Data extracts
==============================
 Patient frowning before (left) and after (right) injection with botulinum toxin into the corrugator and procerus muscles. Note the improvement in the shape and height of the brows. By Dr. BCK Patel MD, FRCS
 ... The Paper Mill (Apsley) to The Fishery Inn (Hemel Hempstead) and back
==============================
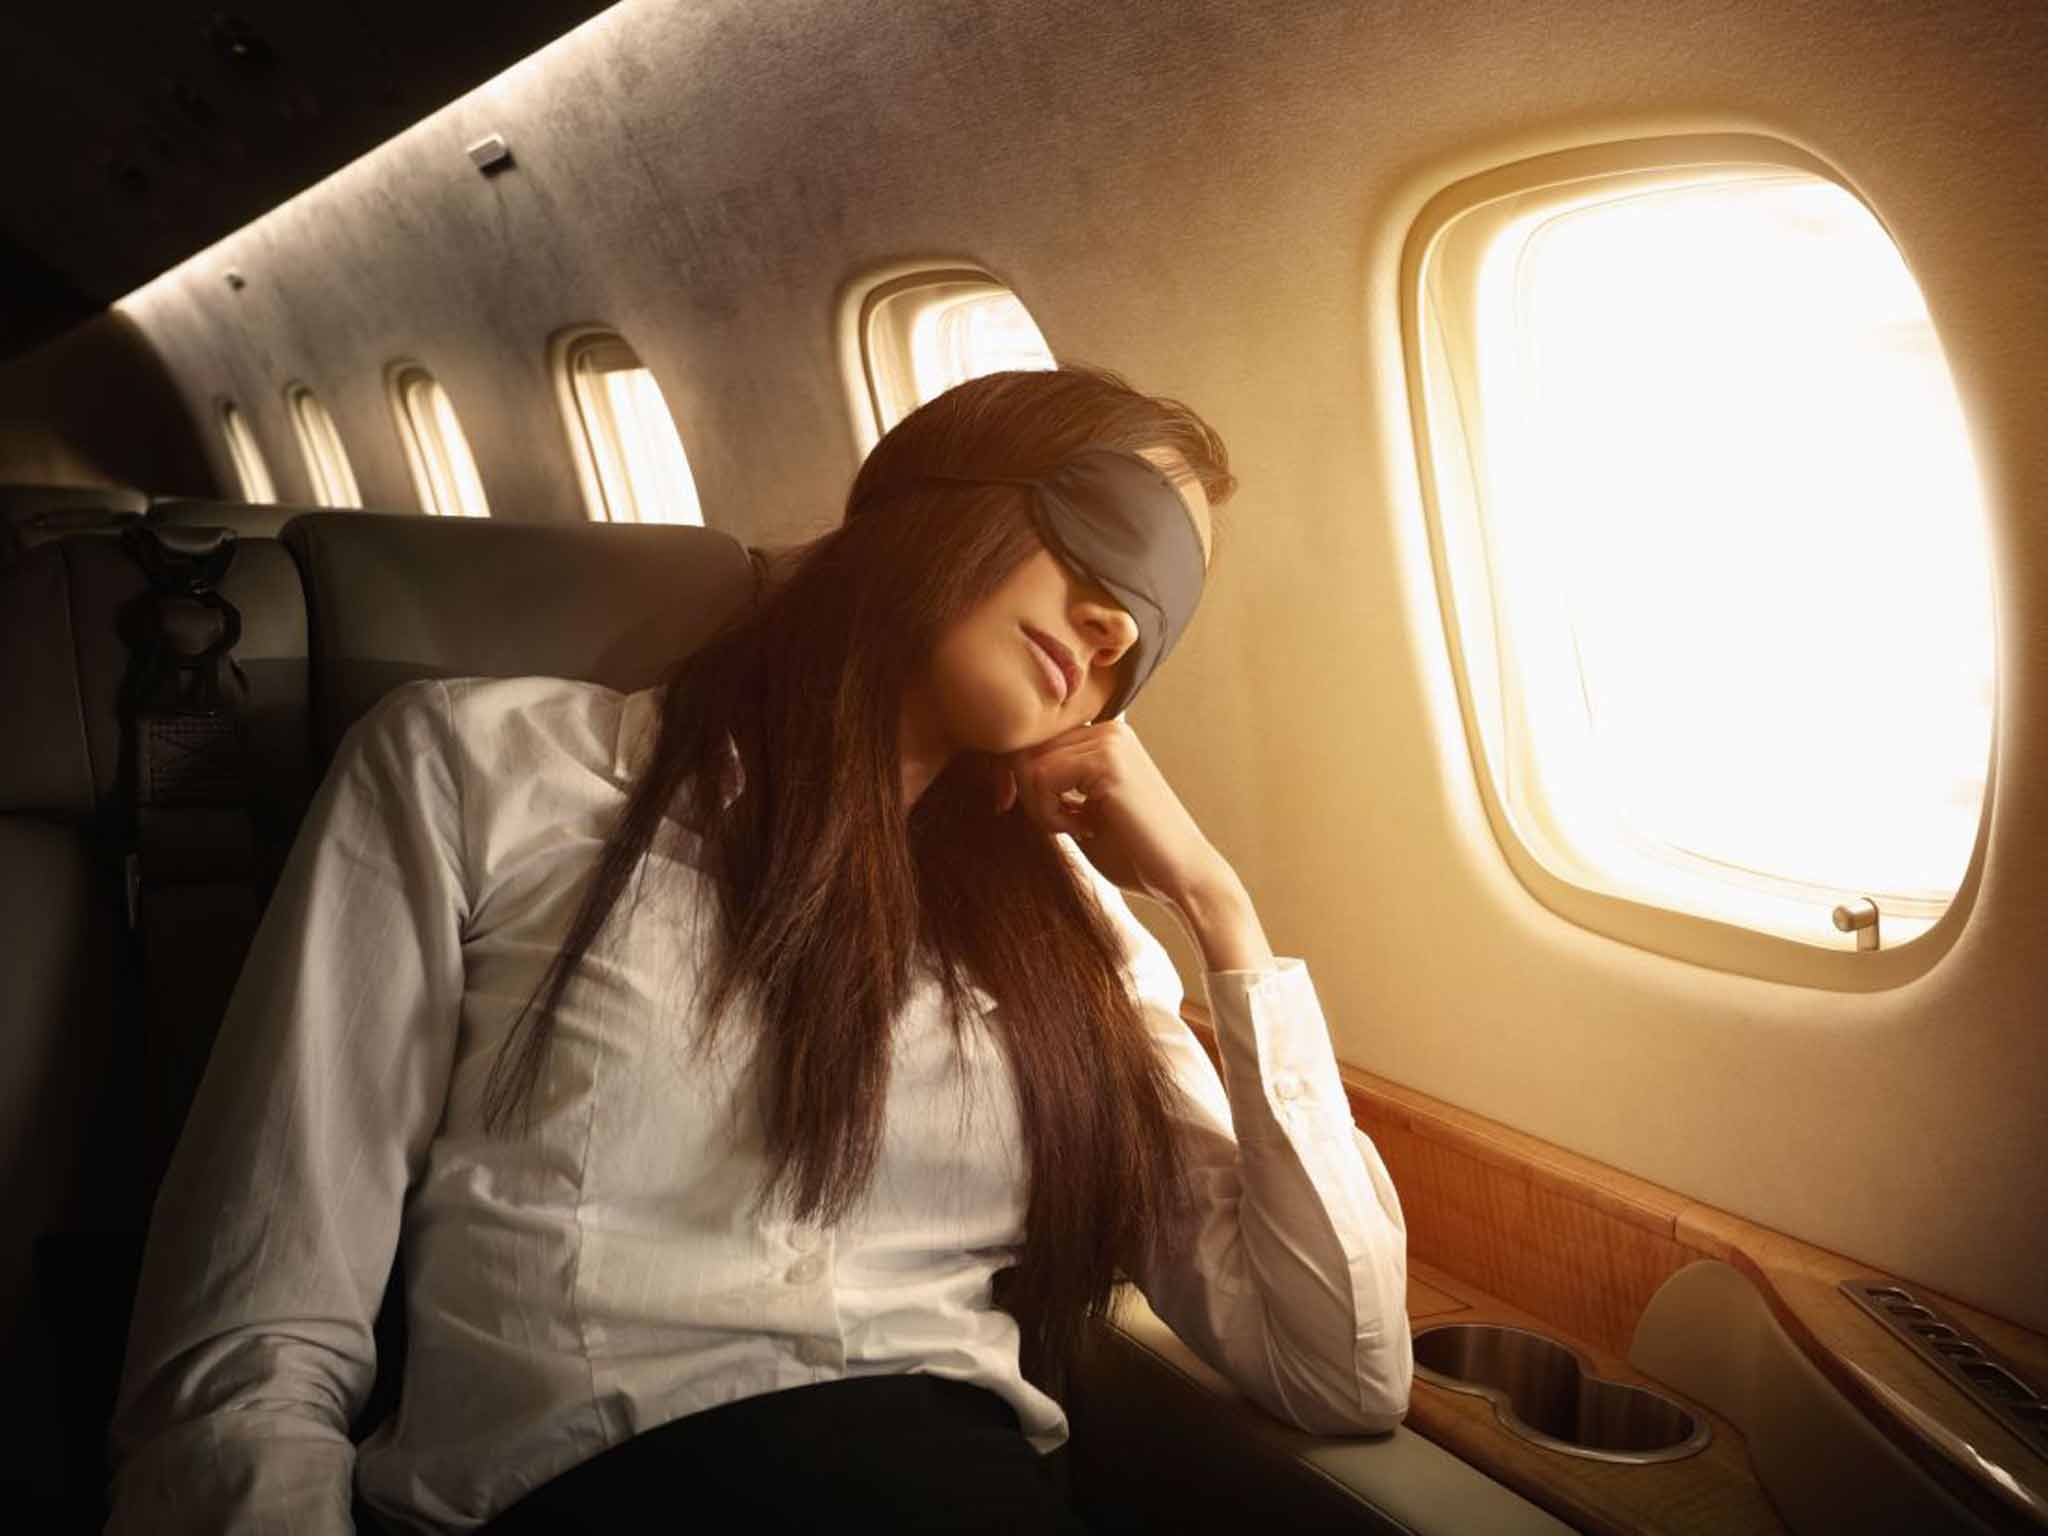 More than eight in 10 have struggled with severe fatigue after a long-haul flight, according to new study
==============================
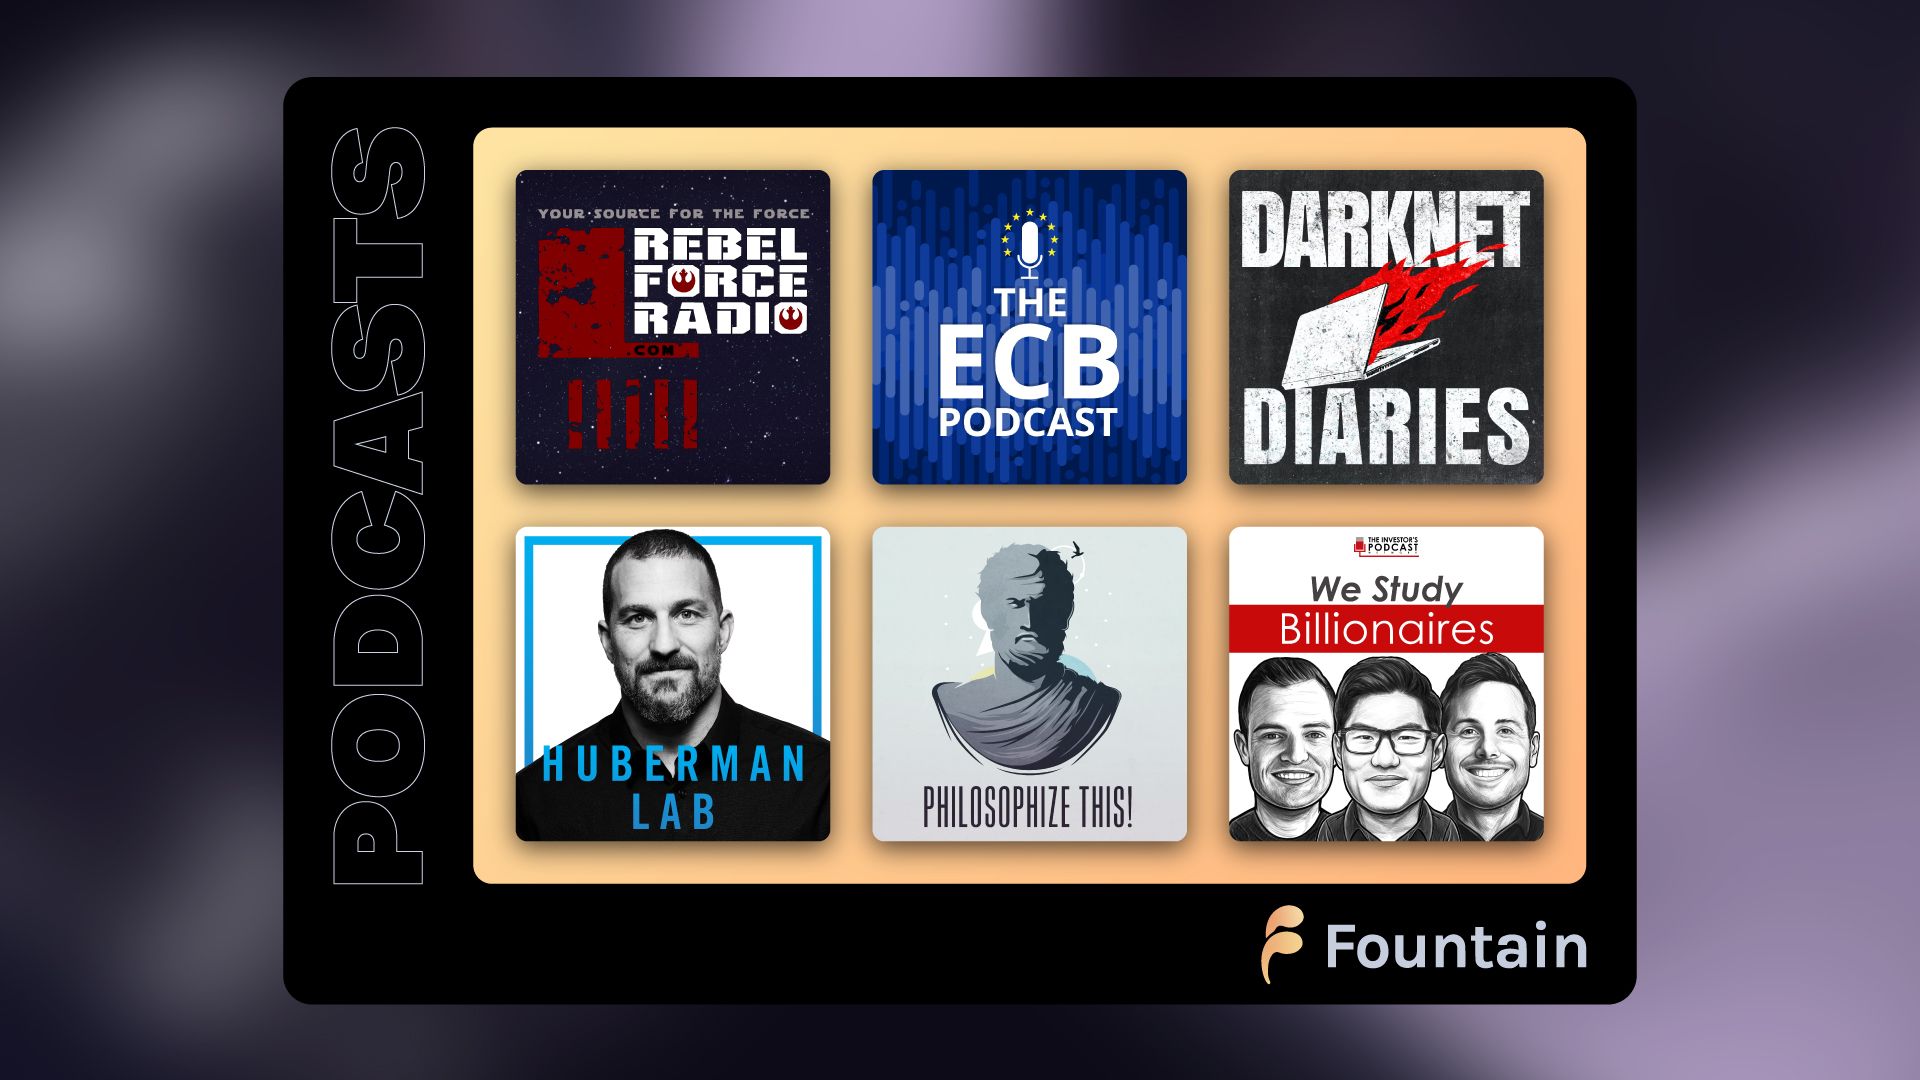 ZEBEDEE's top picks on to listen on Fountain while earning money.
==============================
From the entries above, extract only the lines running from the one containing "Patient frowning before" through the one containing "Hempstead) and back", inclusive.

 Patient frowning before (left) and after (right) injection with botulinum toxin into the corrugator and procerus muscles. Note the improvement in the shape and height of the brows. By Dr. BCK Patel MD, FRCS
 ... The Paper Mill (Apsley) to The Fishery Inn (Hemel Hempstead) and back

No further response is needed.